DATA SHOWN:
======

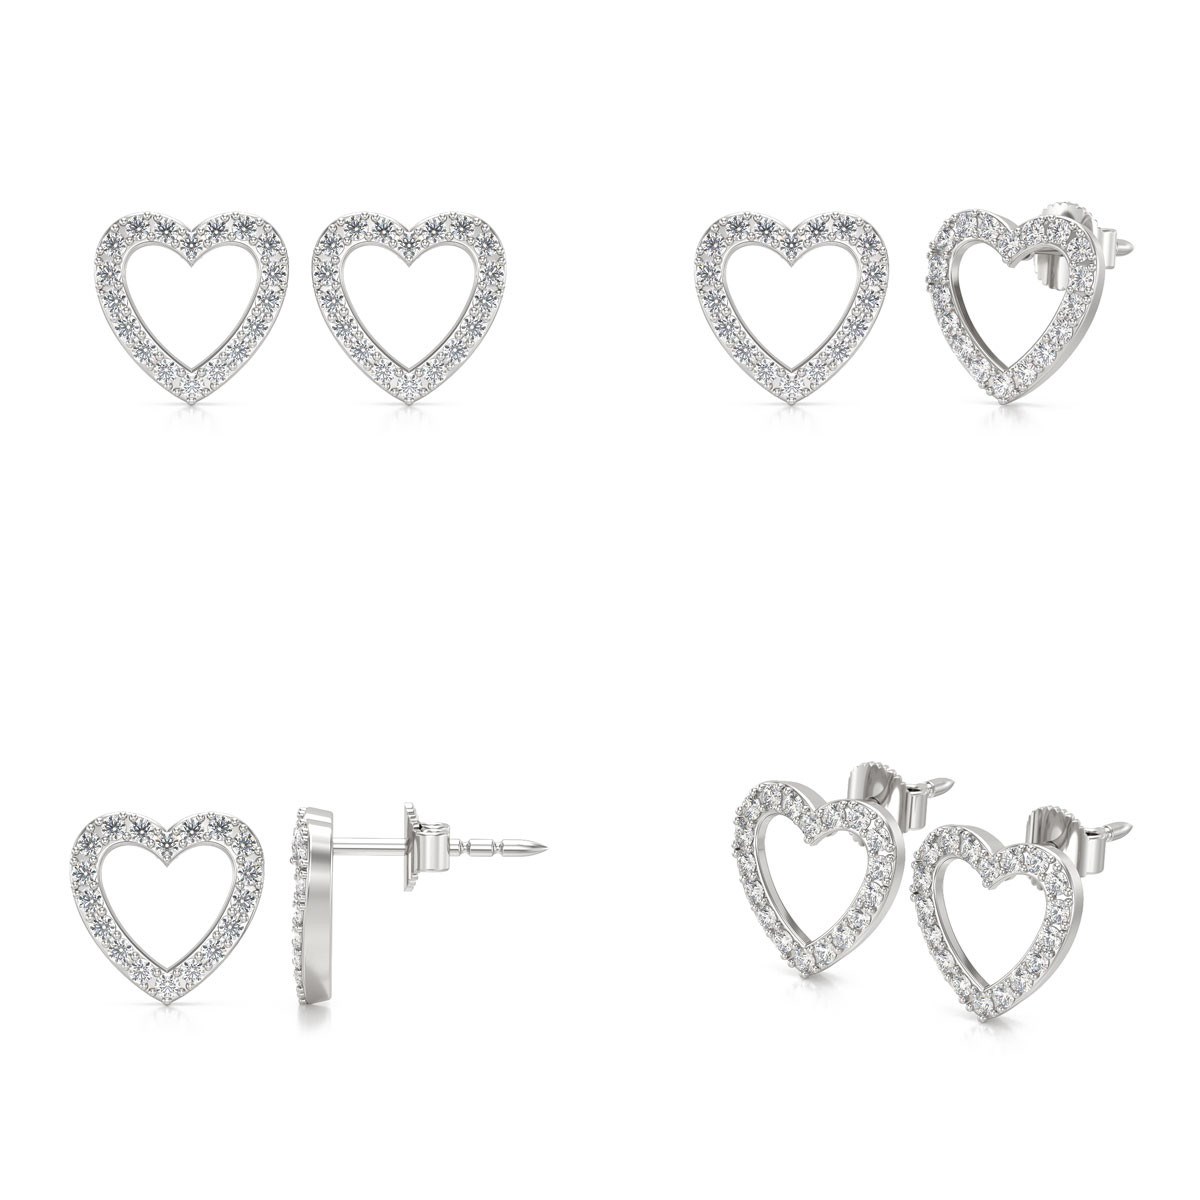 Boucles d'oreilles ADEN Coeur Diamants sur Argent 925 1.284grs - vue 2
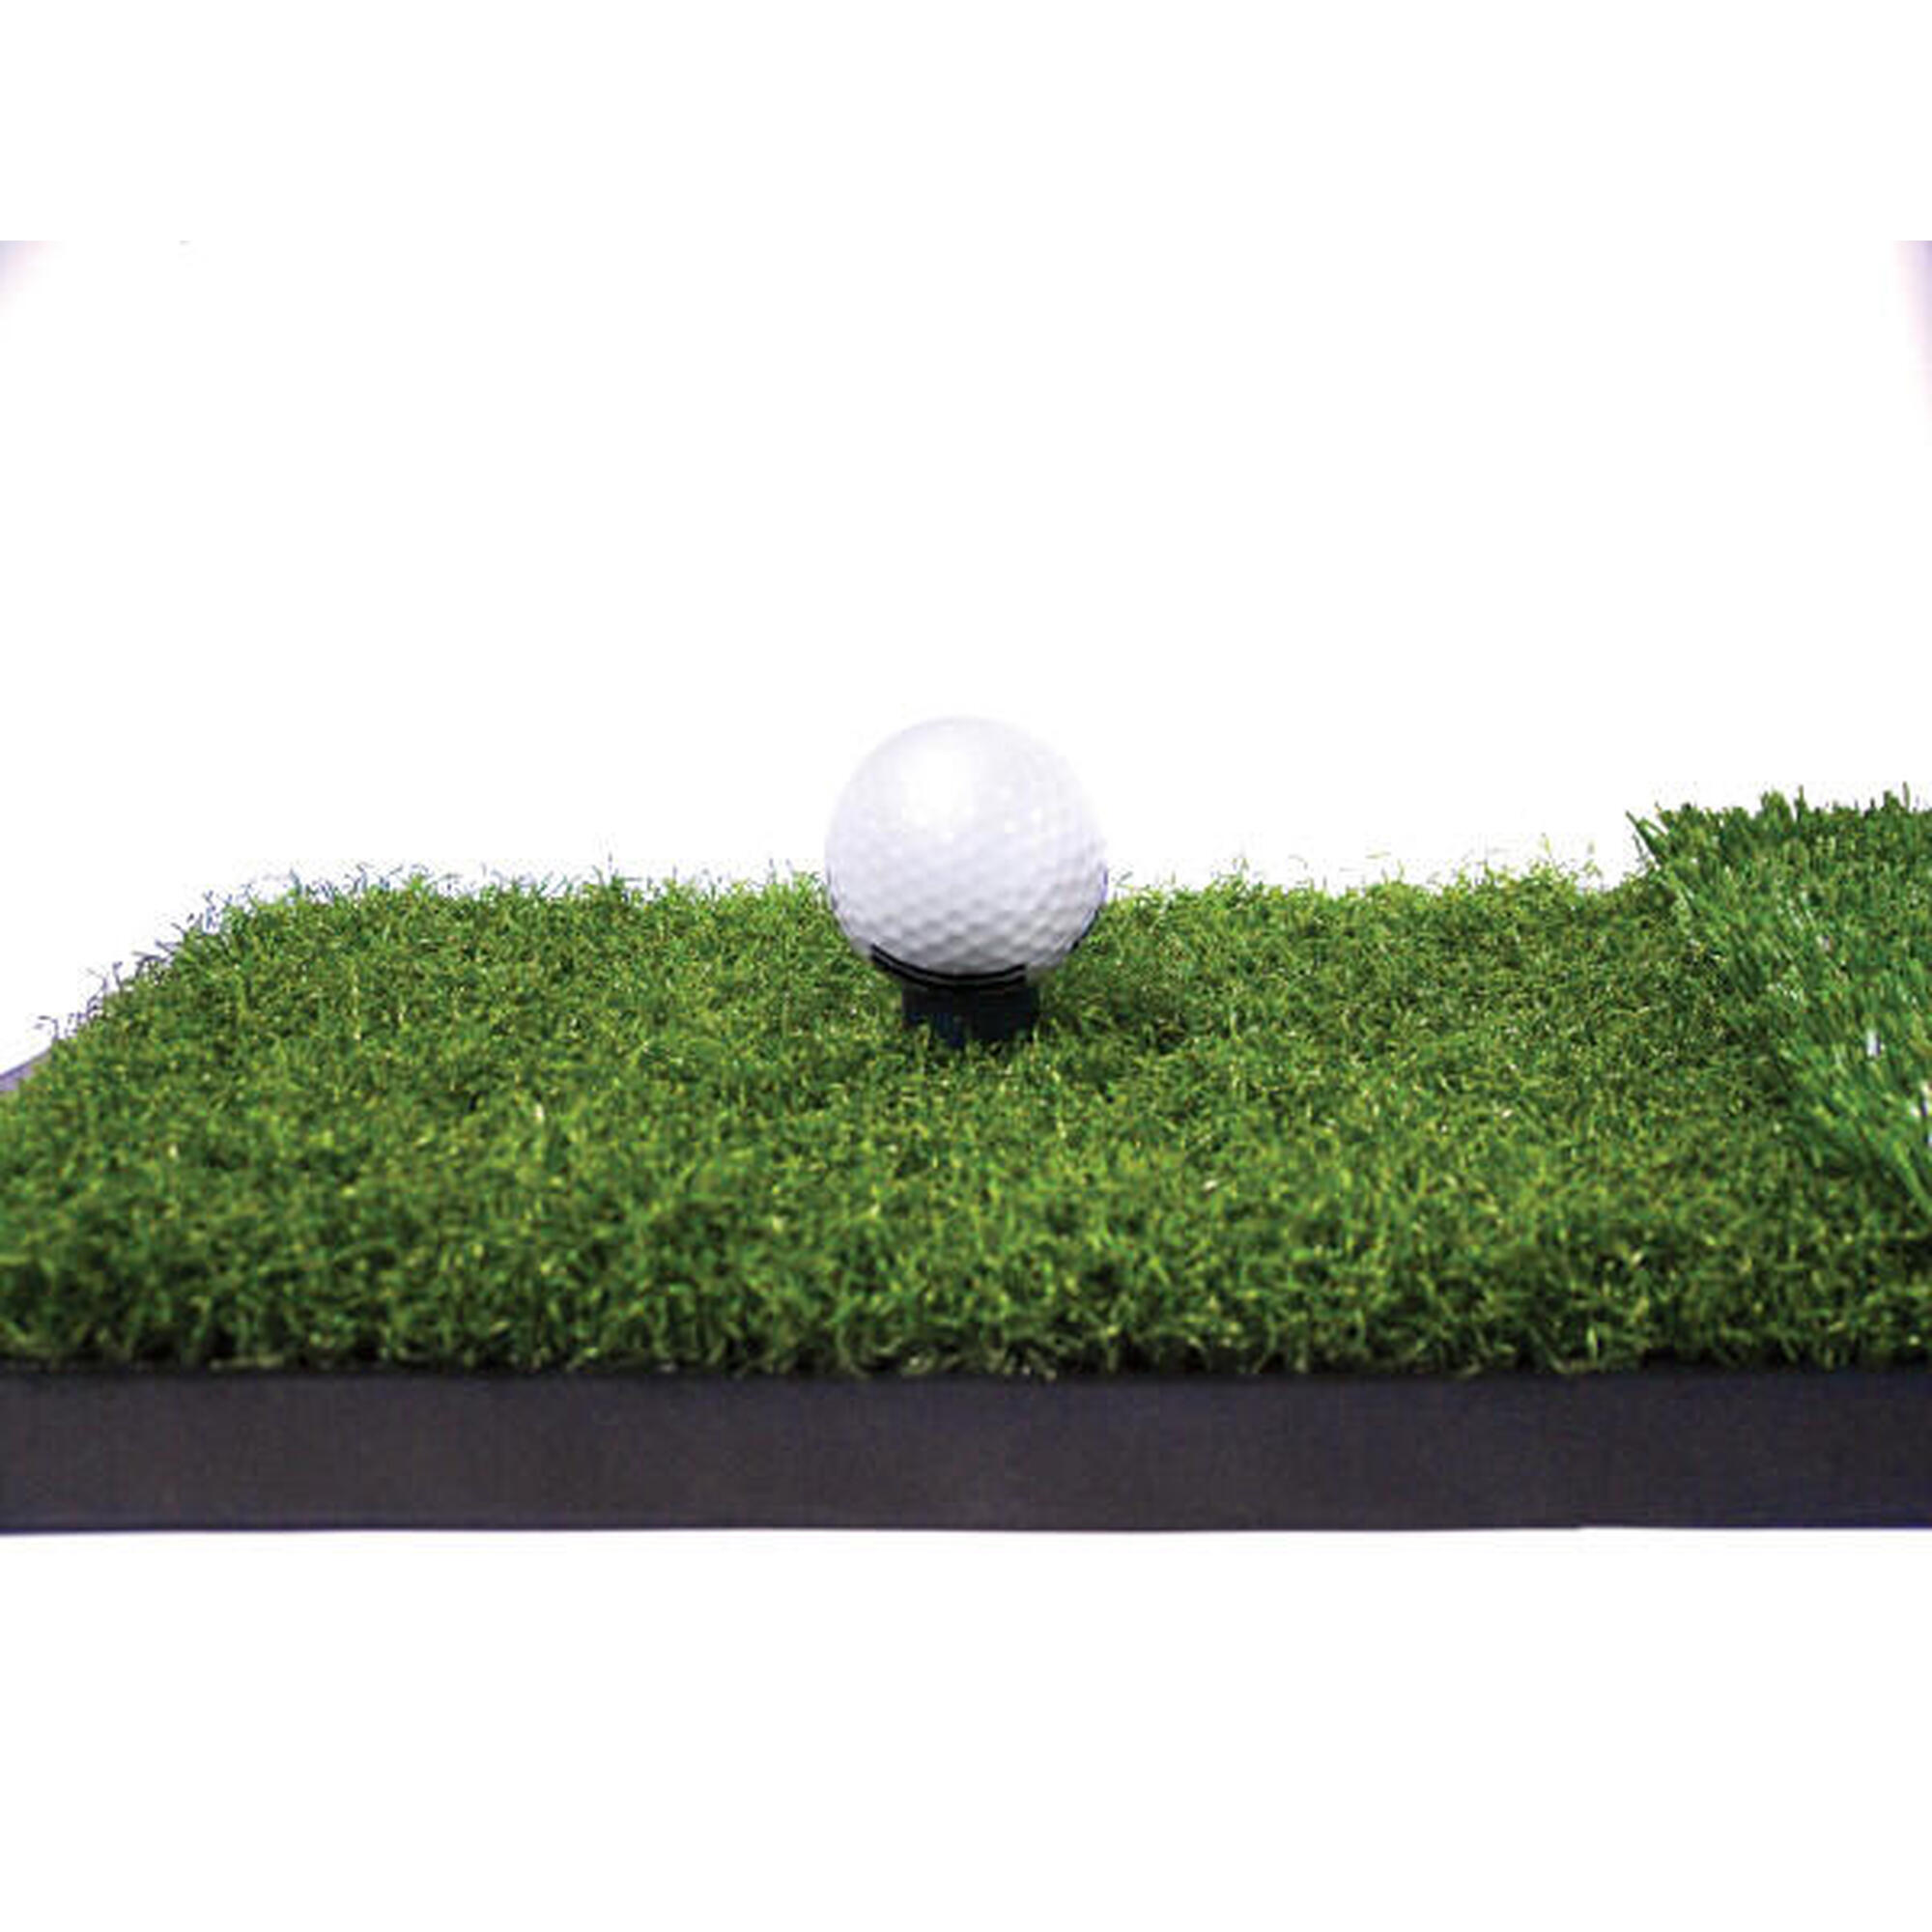 Mejore su swing con esta versátil y resistente alfombrilla de golf.
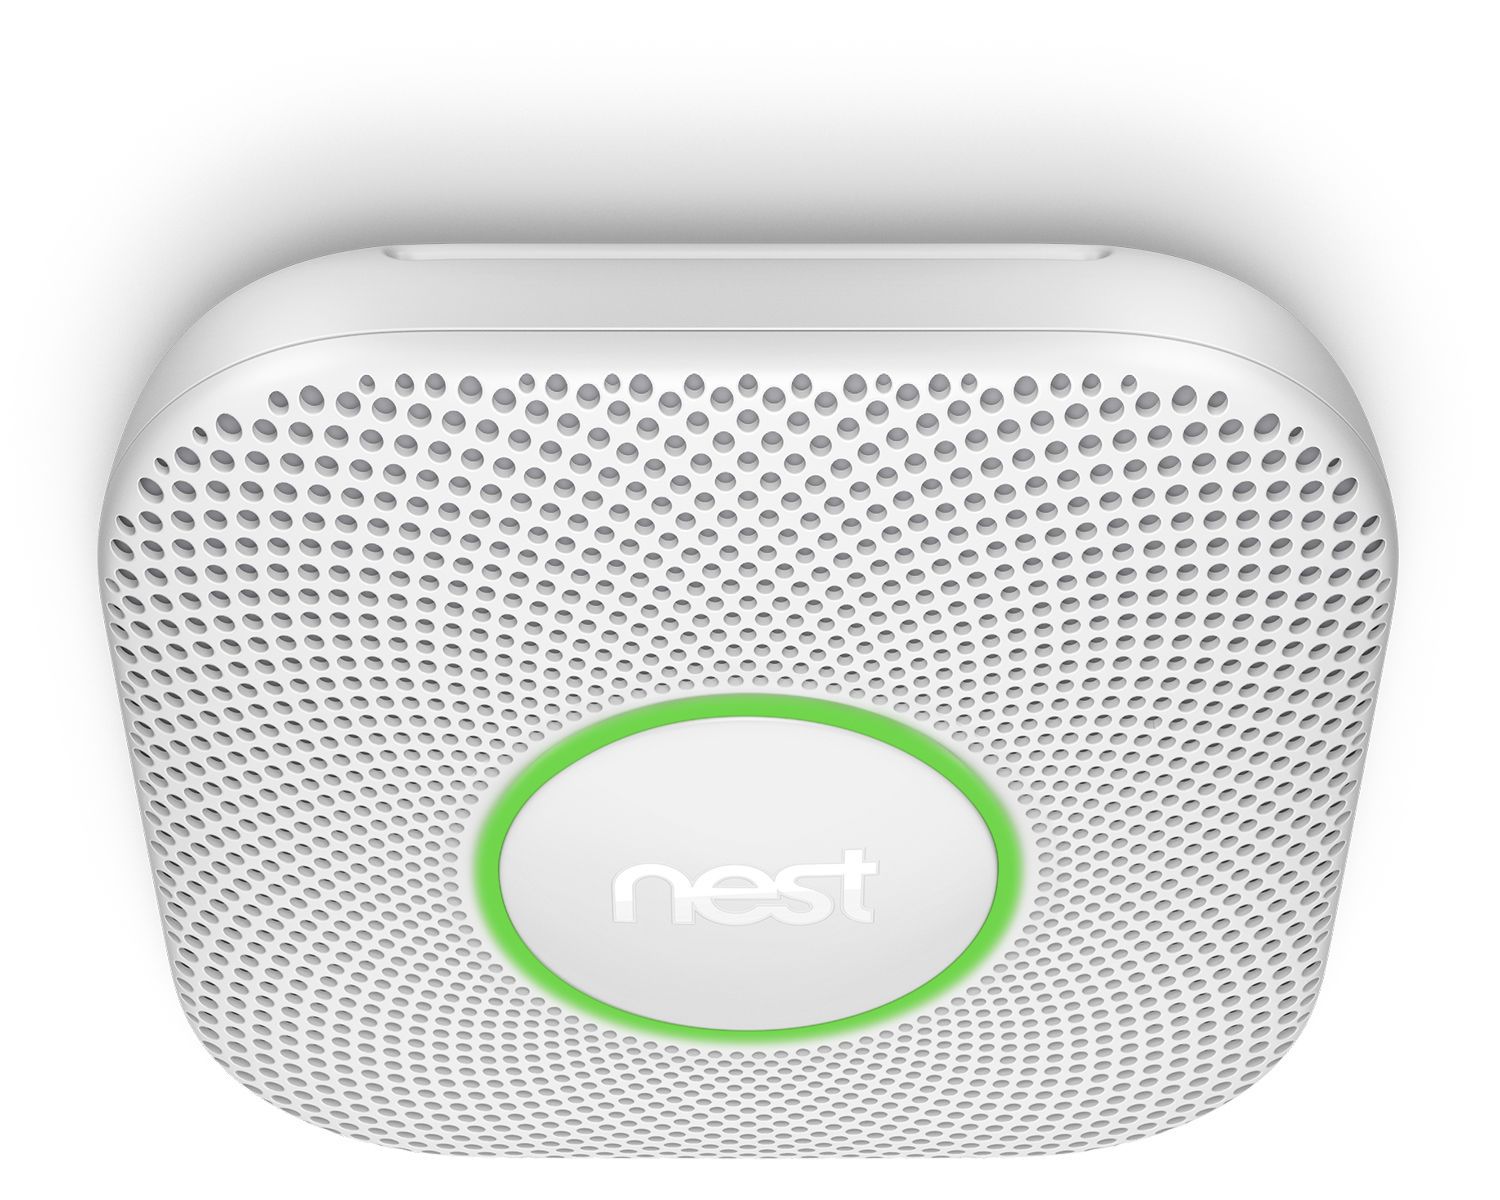 Google Nest Mains-powered Smoke & carbon monoxide alarm
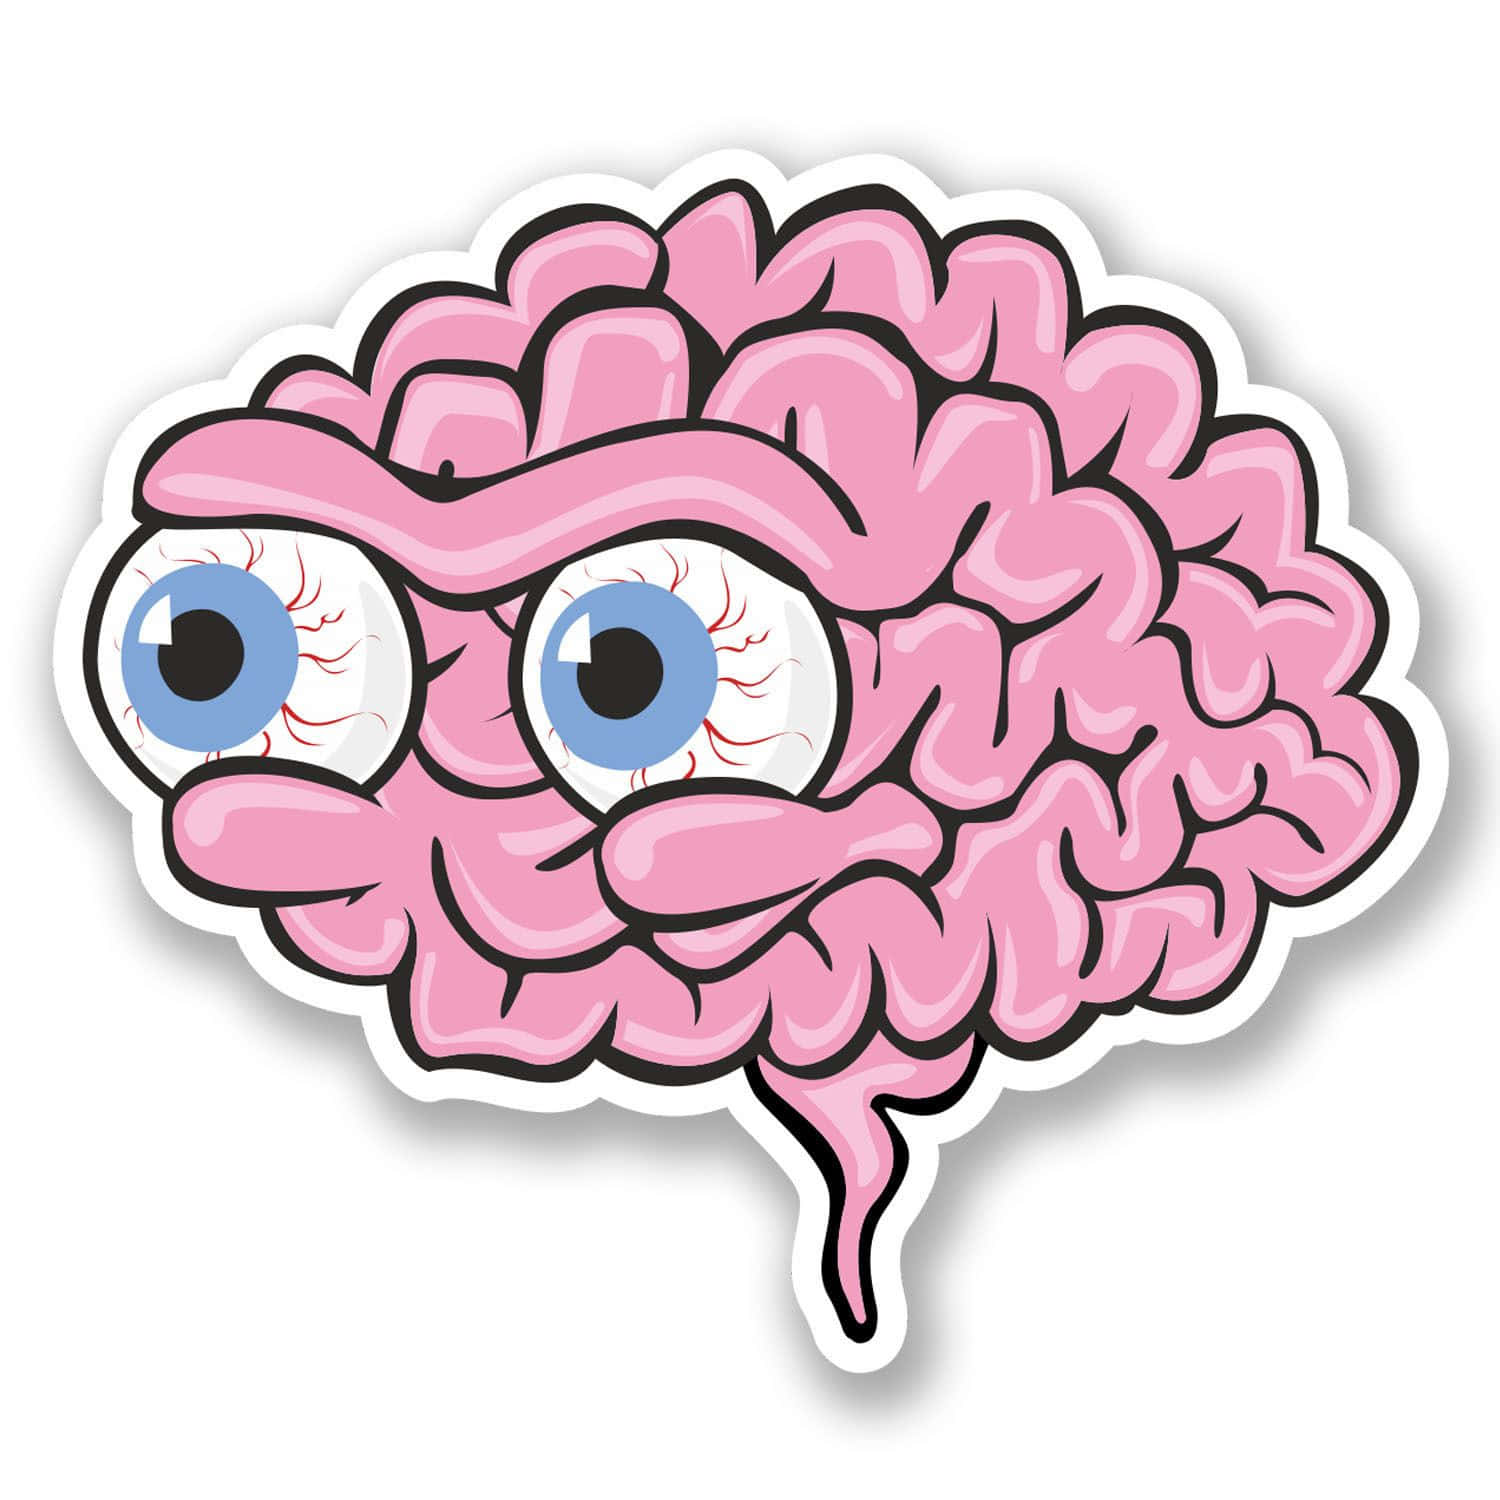 En pink hjernesticker med øjne og en mund

======

The data above must be reproduced exactly, without any of its pictures.

REPLY TO THE EXERCISE:
 Boucles d'oreilles ADEN Coeur Diamants sur Argent 925 1.284grs - vue 2
 Mejore su swing con esta versátil y resistente alfombrilla de golf.
 Google Nest Mains-powered Smoke & carbon monoxide alarm
 En pink hjernesticker med øjne og en mund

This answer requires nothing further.